La démocratie au Mali n’était qu’une démocratie de façade, puisqu’elle n’a su assurer ni la paix ni la justice sociale. L’Etat tel qu’il était ne peut pas être la solution puisqu’il a été le problème. La crise que traverse le Mali doit être l’opportunité pour la société civile de décider ensemble ce qu’il est bon de faire pour l’ensemble des populations, et de développer l’intérêt de la chose publique chez chacun. Il faut qu’ensemble les Maliennes et les Maliens réfléchissent à ce qu’ils veulent pour eux-mêmes, qu’ils énoncent clairement ce qu’ils attendent des autorités, car les Maliennes et les Maliens savent mieux que personne que c’est le système politique qui a mené le pays là où il se trouve et que c’est ce système qui a échoué. Si on remet le même en place, rien ne changera pour eux. Alors il faut qu’ils pensent à un autre Mali, à un autre système politique, économique et social, qui assurera à chacun, donc à toutes et tous, bien-être et sécurité. Les Maliennes et les Maliens doivent exiger de vivre dans une société débarrassée des fléaux de la corruption, de l’enrichissement illicite d’une minorité au détriment de l’immense majorité, de l’impunité, et de l’injustice sociale qui touche les jeunes alors qu’ils sont l’avenir du pays. Ensemble, ils doivent devenir maîtres de leur destin et sortir le Mali de la posture d’éternel mendiant de l’Occident.

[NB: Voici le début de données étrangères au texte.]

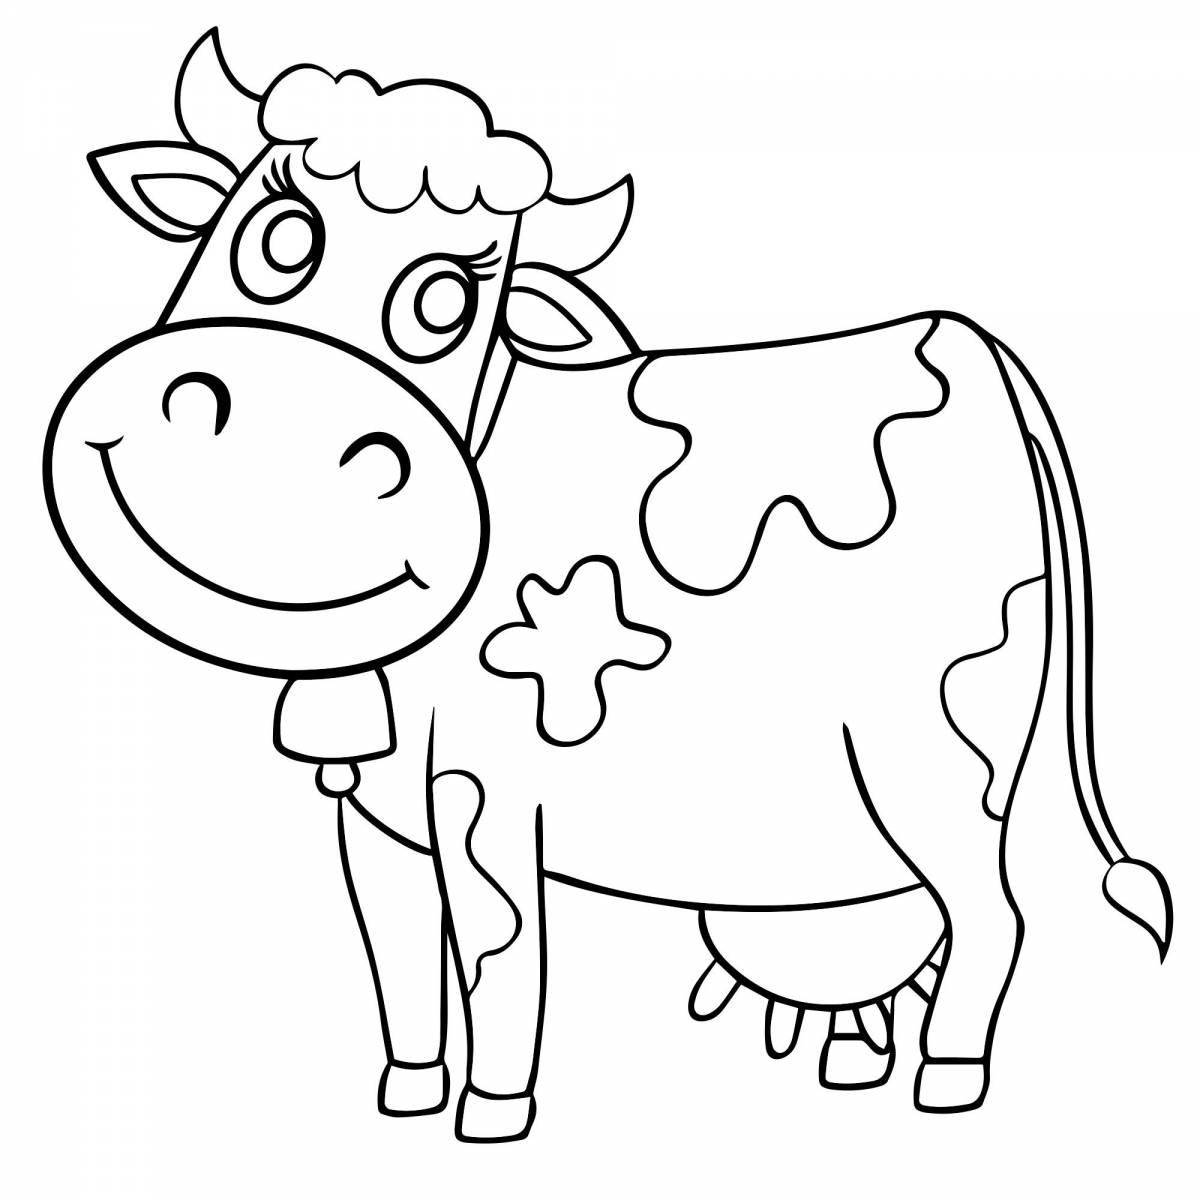 Playful cute cow coloring book
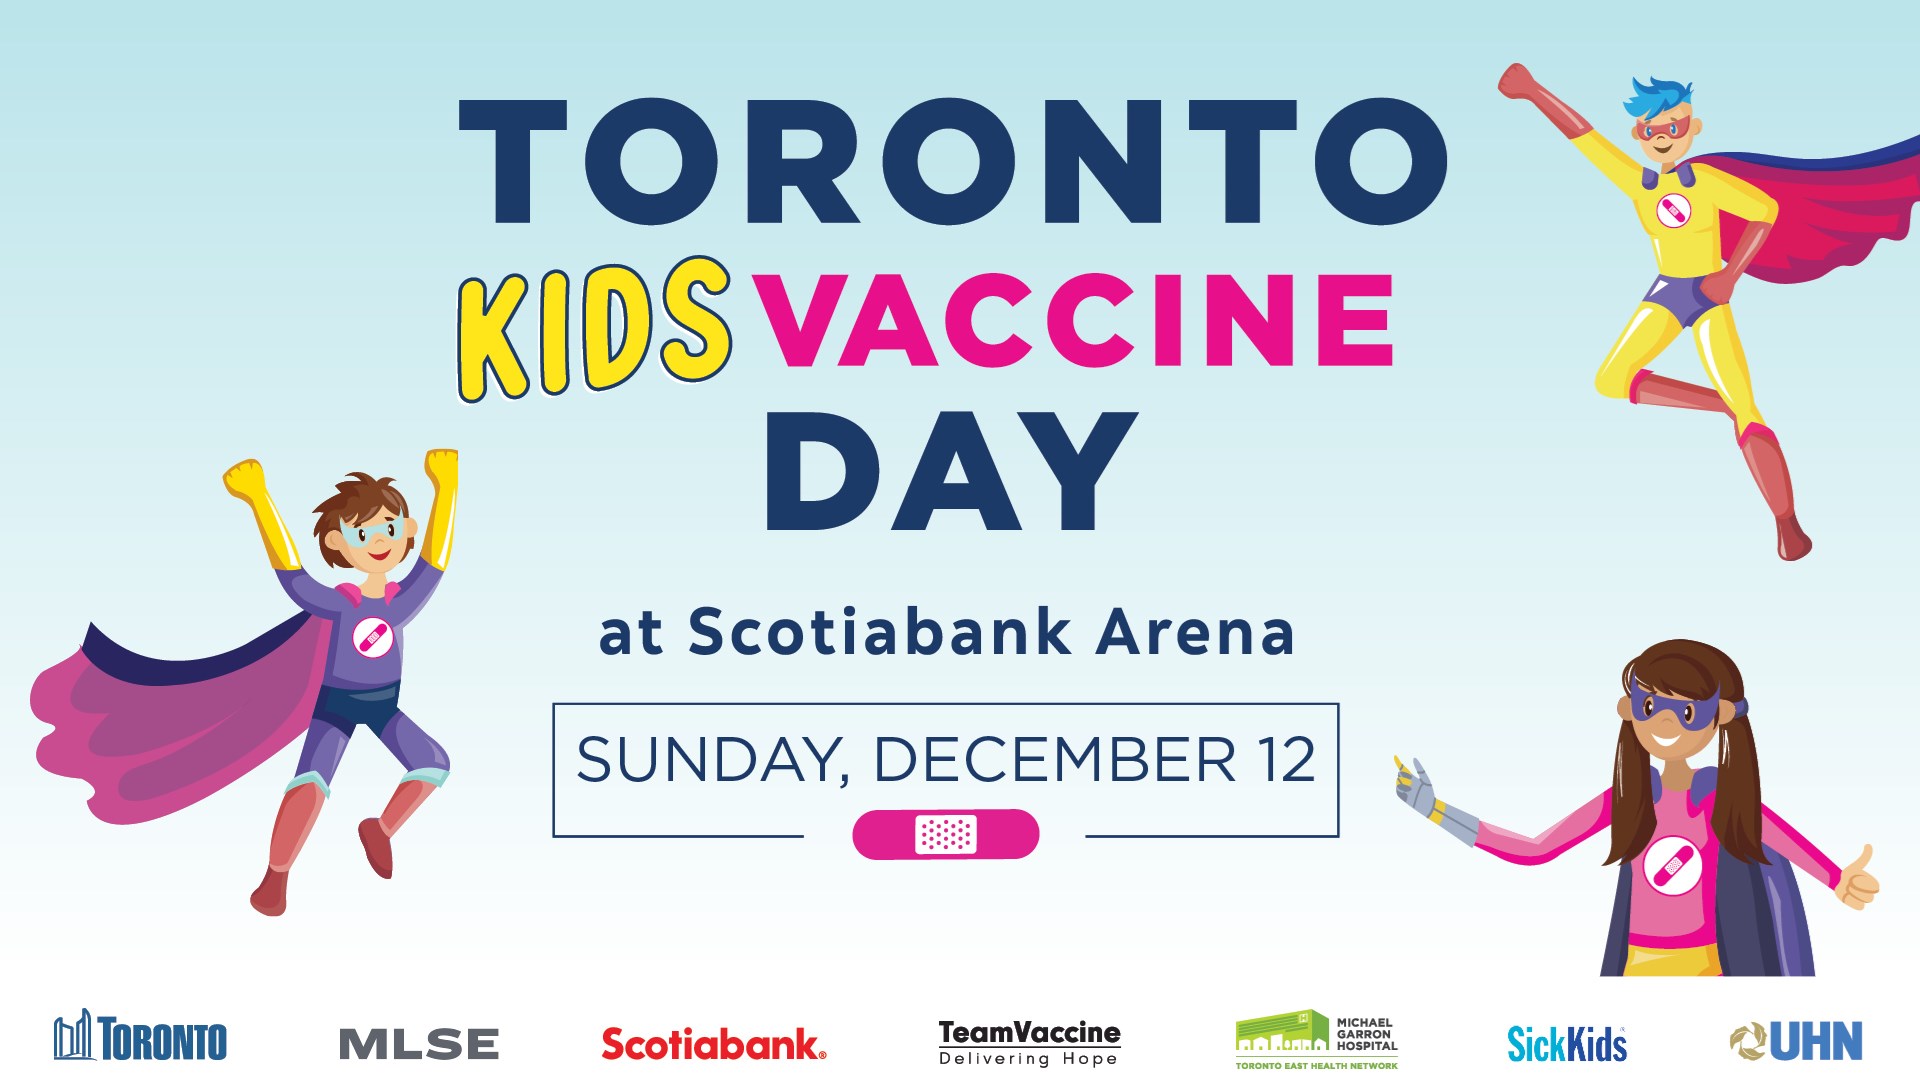 Poster that reads Toronto Kids Vaccine Day at Scotiabank Arena, Sunday, December 12. Three superheroes surround the text. Logos at the bottom for City of Toronto, Maple Leaf Sports Entertainment, Scotiabank, Team Vaccine, Michael Garron Hospital, SickKids, University Health Network.

Ils doivent, ensemble, sortir de la théorie, et réfléchir aux solutions concrètes et pratiques pour s’auto-développer et ainsi donner au Mali la place qu’il mérite. L’utilisation et la gestion des promesses faites à Bruxelles, le 15 mai dernier, lors de la conférence des donateurs pour le Mali, leur donnent l’opportunité de réaliser ce qu’ils veulent vraiment. Christian Connan, ambassadeur de France au Mali de 1998 à 2002, craint fort, en effet, que les priorités qui y ont été énoncées pour le Mali ne refondent rien, puisque ce sont les mêmes priorités qu’avant et qu’elles n’ont malheureusement jamais rien refondé, les Maliens n’ayant jamais été consultés. L’agriculture est au cœur du fonctionnement social et économique du Mali, et rien concernant l’agriculture n’est au cœur des priorités des pays donateurs. Ce sont les paysans maliens qui doivent être les chevilles ouvrières de ces projets de développement agricole et non les experts en économie agricole occidentaux.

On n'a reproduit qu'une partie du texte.